I touched upon this idea indirectly in the original post when discussing alignment-related High Impact Tasks (HITs), but I didn’t explicitly connect it to the potential for reducing implementation costs and you’re right to point that out.
Let me clarify how the framework handles this aspect and elaborate on its implications.
Key points:
Alignment-related HITs, such as automating oversight or interpretability research, introduce challenges and make the HITs more complicated. We need to ask, what’s the difficulty of aligning a system capable of automating the alignment of systems capable of achieving HITs!
The HIT framing is flexible enough to accommodate the use of AI for accelerating alignment research, not just for directly reducing existential risk. If full alignment automation of systems capable of performing (non alignment related) HITs is construed as an HIT, the actual alignment difficulty corresponds to the level required to align the AI system performing the automation, not the automated task itself.
In practice, a combination of AI systems at various alignment difficulty levels will likely be employed to reduce costs and risks for both alignment-related tasks and other applications. Partial automation and acceleration by AI systems can significantly impact the cost curve for implementing advanced alignment techniques, even if full automation is not possible.
The cost curve presented in the original post assumes no AI assistance, but in reality, AI involvement in alignment research could substantially alter its shape. This is because the cost curve covers the cost of performing research “to achieve the given HITs”, and since substantially automating alignment research is a possible HIT, by definition the cost graph is not supposed to include substantial assistance on alignment research.
However, that makes it unrealistic in practice, especially because (as indicated by the haziness on the graph), there will be many HITs, both accelerating alignment research and also incrementally reducing overall risk.

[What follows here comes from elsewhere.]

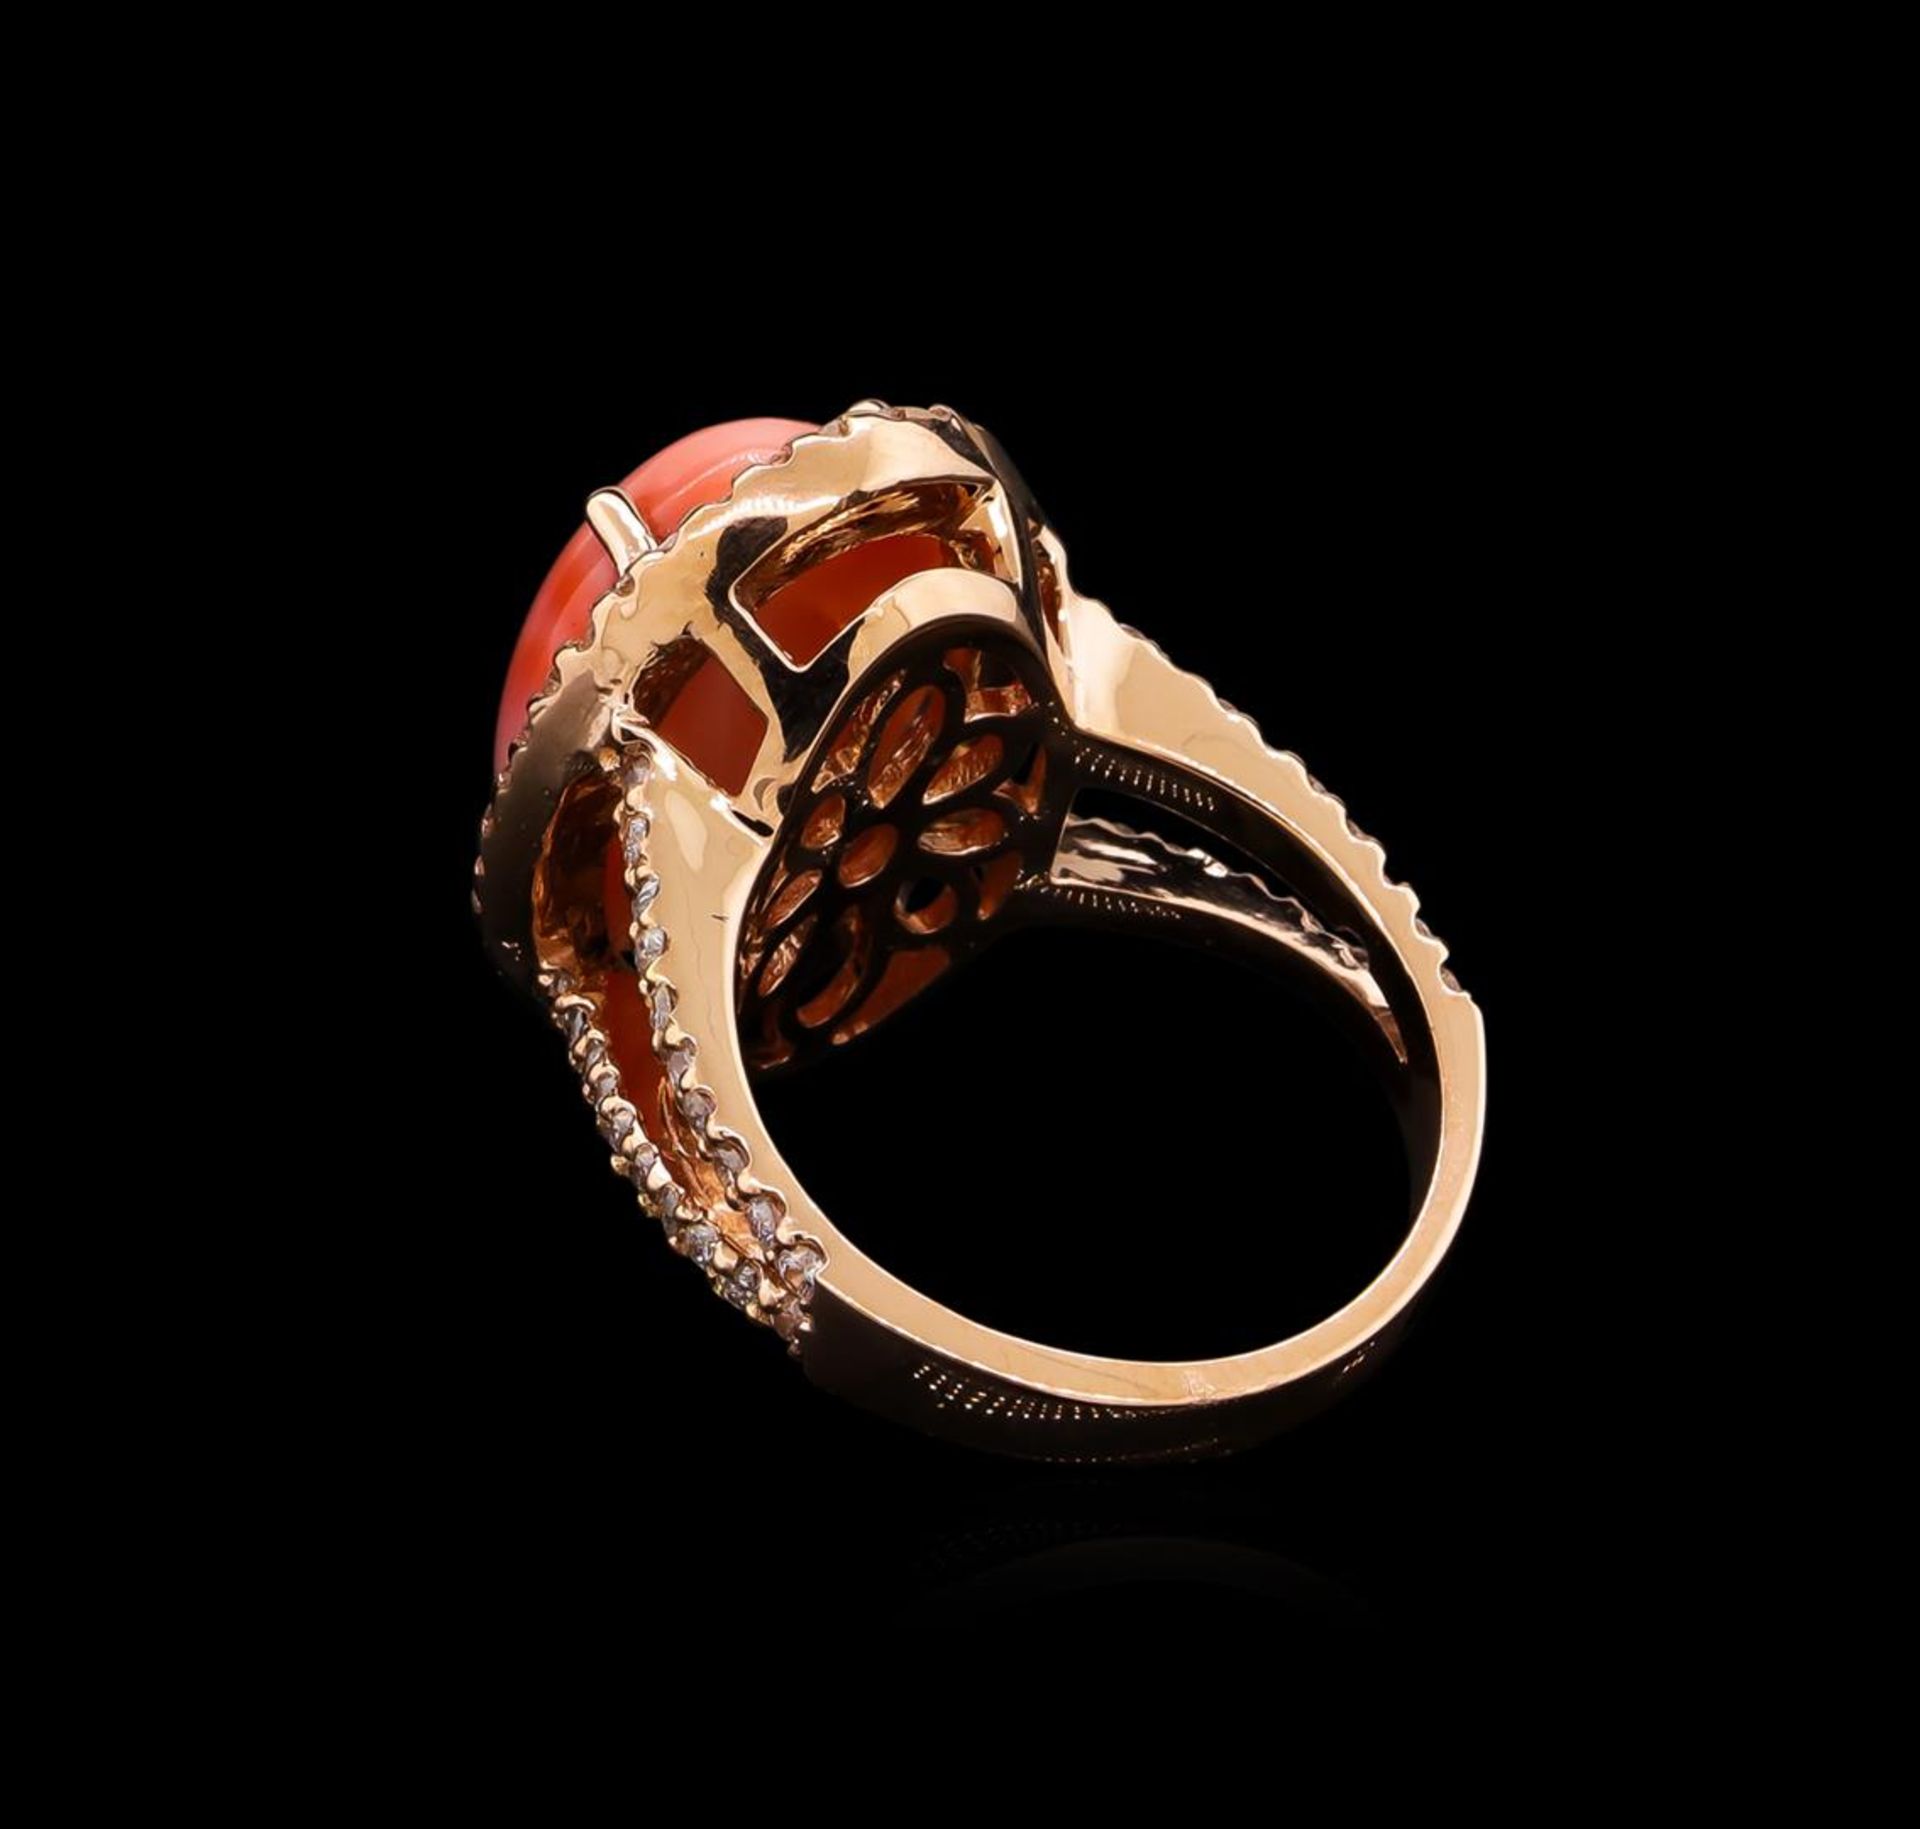 7.78 ctw Coral and Diamond Ring - 14KT Rose Gold - Image 3 of 4

To illustrate, consider a scenario where scalable oversight at level 4 of the alignment difficulty scale is used to fully automate mechninterp at level 6, and then this level 6 system can go on to say research a method of impregnable cyber-defense, rapid counter-bio-weapon vaccines, give superhuman geopolitical strategic advice, and unmask any unaligned AI present on the internet.
In this case, the actual difficulty level would be 4, with the HIT being the automation of the level 6 technique that’s then used to reduce risk substantially.
Thank you for the insightful comment.
On the graph of alignment difficulty and cost, I think the shape depends on the inherent increase in alignment cost and the degree of automation we can expect which is similar to the idea of the offence-defence balance.
In the worst case, the cost of implementing alignment solutions increases exponentially with alignment difficulty and then maybe automation would lower it to a linear increase.
In the best case, automation covers all of the costs associated with increasing alignment difficulty and the graph is flat in terms of human effort and more advanced alignment solutions aren’t any harder to implement than earlier, simpler ones.